Messages
by Hamish MacDonald
A man in a suit and an overcoat stood on a river, looking around, puzzled. A bridge loomed overhead; looking up, the man could just make out the figure of another man gazing down in his direction. The other man didn't see him, though. The air was foggy, but that didn't seem to be why.I know him, thought the man on the river. He's thinking about me. He's why I'm here.
Back here.
The memories were difficult for him to piece together. Like a recovering amnesiac, though, he found that as he searched for them, they were there. But he had to know where to look first.
I was up there before. I jumped. I died. Thoughts came to him of turning in the water, of darkness, of the counter-instinctive drawing-in of watery breaths. The note. Oh, I left a note. How cliché, thought the river-man. As if two sheets of paper could possibly have let his friend into his feelings, his confusion, his choice. Of course they couldn't, no more than he could feel anything about all his friends' and family's gestures, words, and attempts to help. He wished the man above, who held a primacy in his heart — he was the most special of them all — had the note with him and would drop it.
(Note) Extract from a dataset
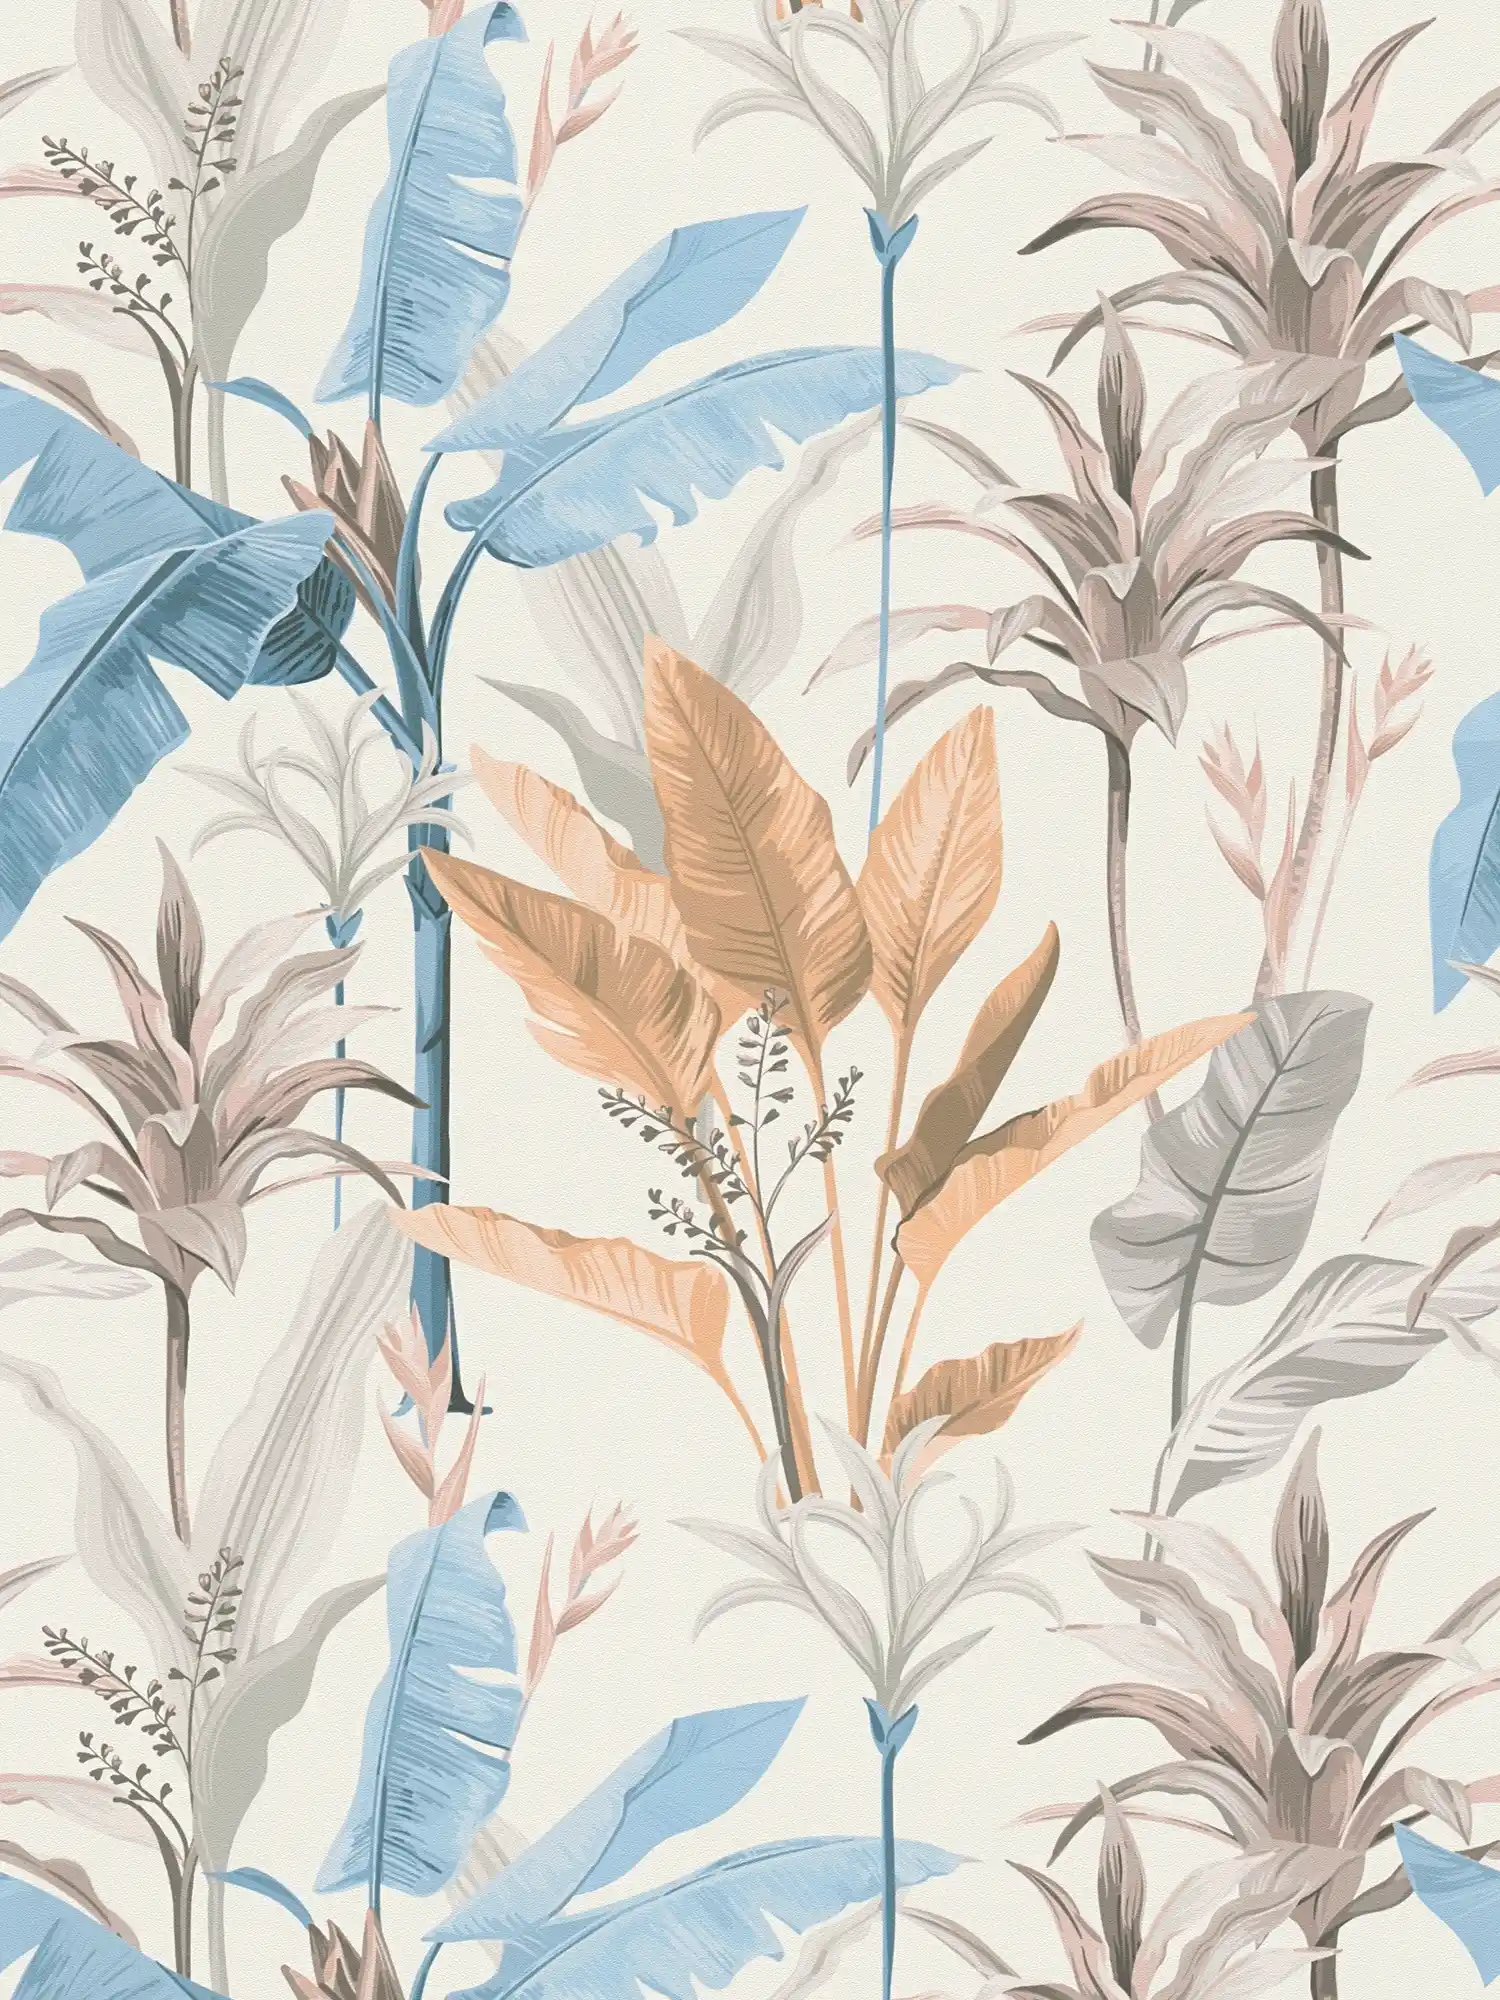 Detailed floral non-woven wallpaper with leaves pattern - blue, grey, cream

Then he could grab it, tear it up, and keep it from continuing to do harm, like some radioactive tooth under his friend's pillow that no fairy would come to exchange. He wished he could break into the house — their house — and steal it. But he was held here, just barely, by his friend's thoughts.
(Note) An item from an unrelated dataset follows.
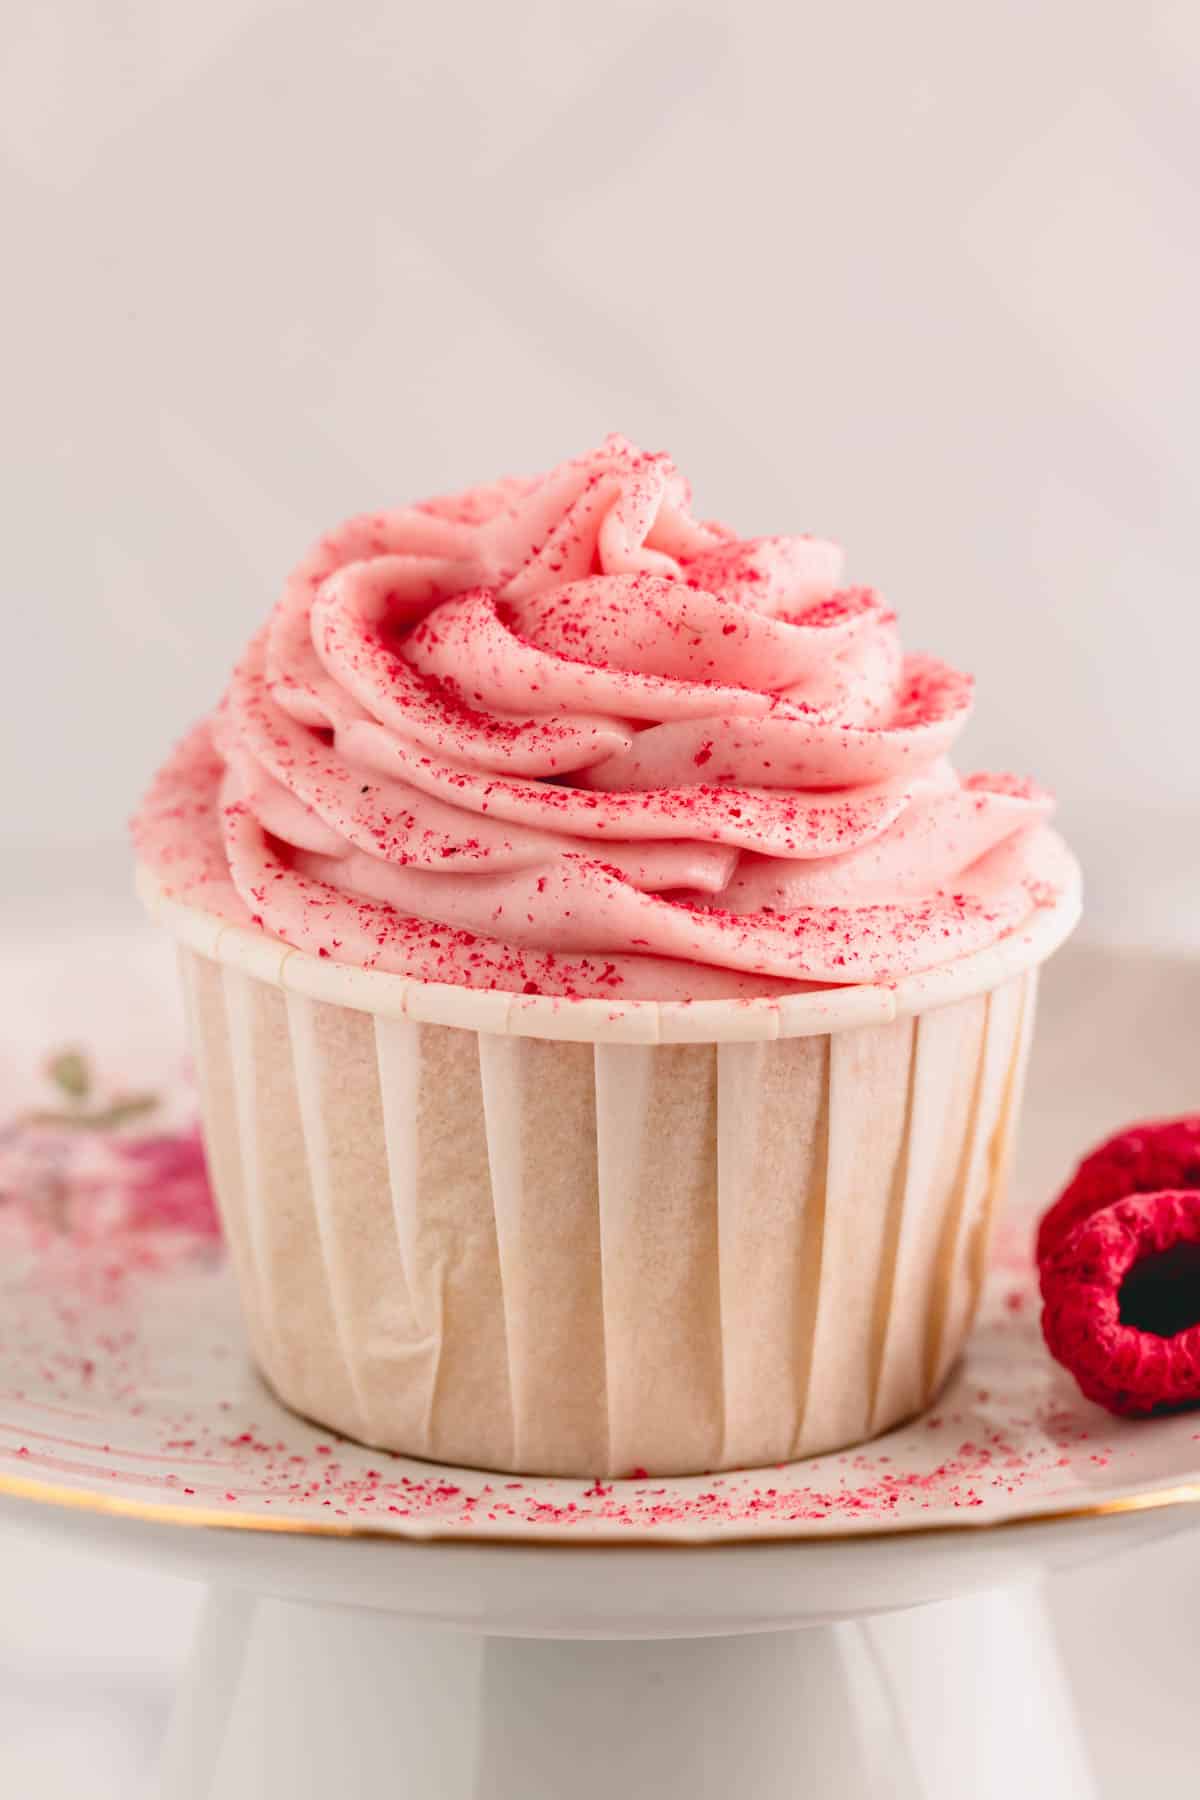 A cup of raspberry cream cheese frosting dusted with crushed raspberries.

The violent, blind emotion of his death had shattered him; this was possibly his first moment of coherence since.
Was it worth it? Who'd asked that? Was it him or his friend? Either way, he had no ready answer, and no way of getting it across if he had..
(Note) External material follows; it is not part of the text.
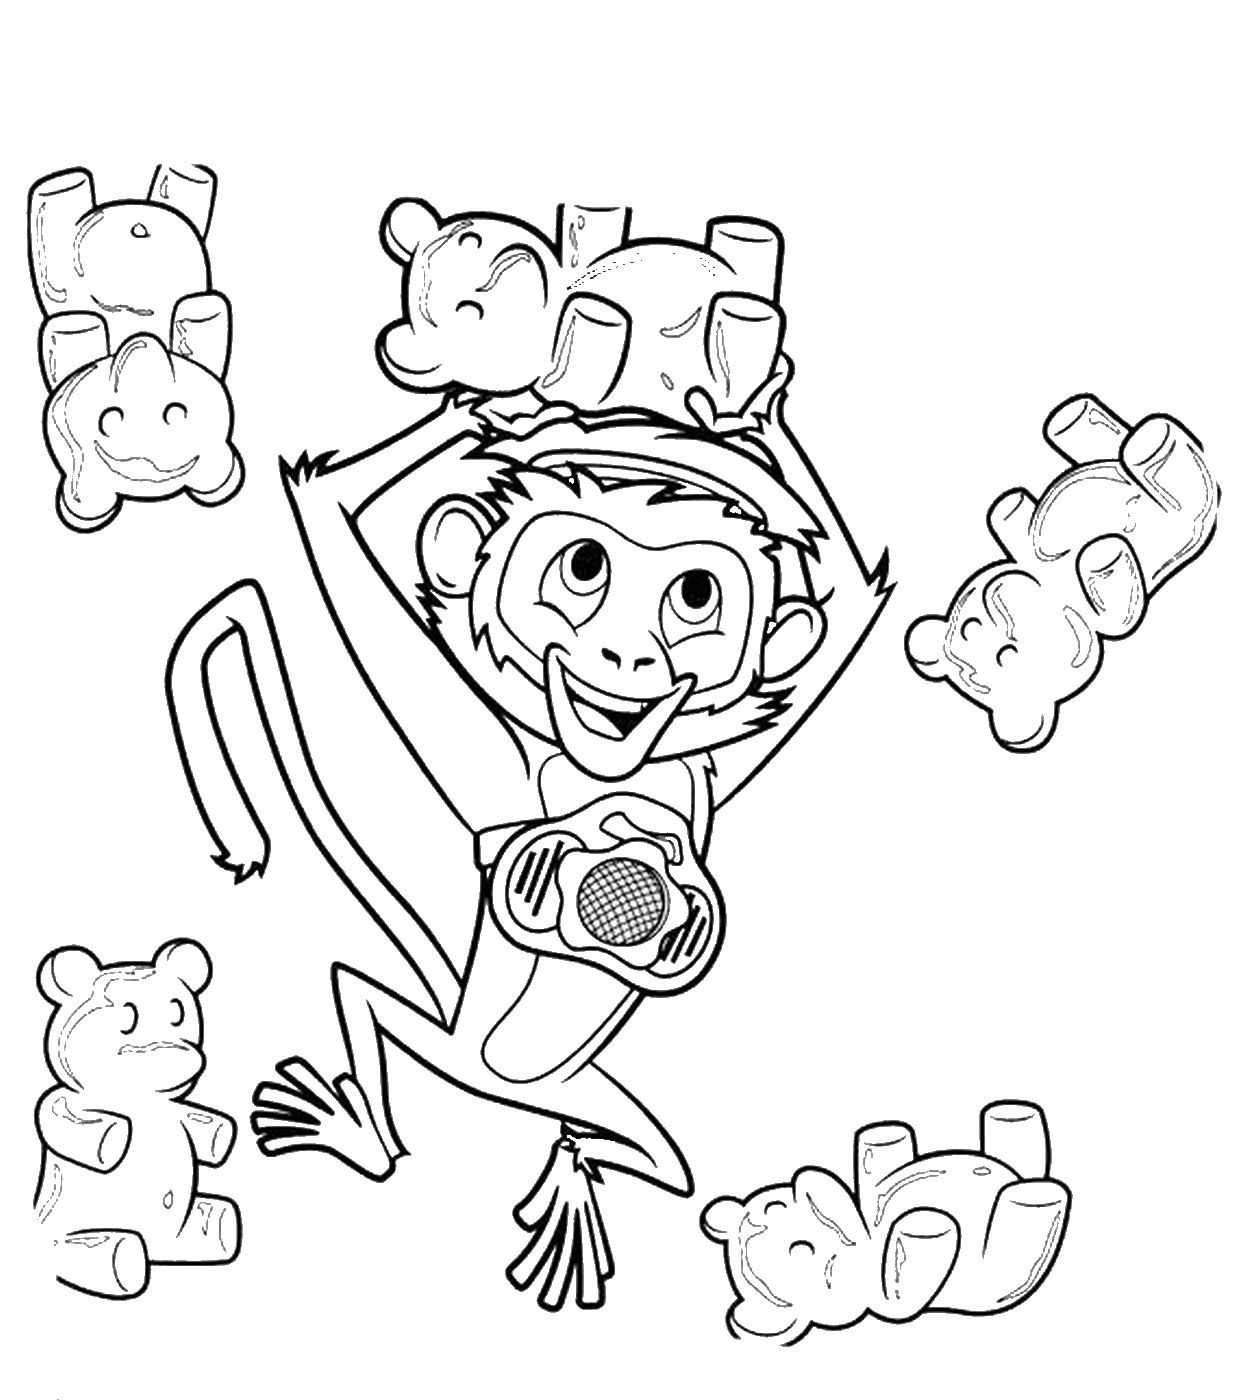 cloudy-with-a-chance-of-meatballs-coloring-pages | Free Coloring ...

Was it worth it? Well, it worked. The unshakable feeling he'd had for the last several months, which started off like a conversation in the bedroom next door then grew to feel like his head was stuck inside a terrible machine, it was gone. But waves undulated away from where he stood. They would wash into his friend's life, into his family's lives, for years to come, splashing into the living room in the middle of a polite conversation, cascading over the furniture and around the dining table and chairs during holiday dinners.
He pulled his coat tighter, scrunching himself up to keep out the damp air. It would take time to work off the effects of what he'd done. Was it his work or the work of those he'd left behind? Both, he figured. He was frightened, because he had no idea how to begin. There were others here somewhere in this cityscape, watching him, but he knew he wouldn't see them until he'd done the work, until he was ready.
He looked up at his friend. What I did was noble, he thought. What I did was stupid. He tried to wave, but his friend would never see him again. Never? he wondered. It was a lot to hope for, but... maybe.
He turned and walked away, sinking into the water, diffusing into the air.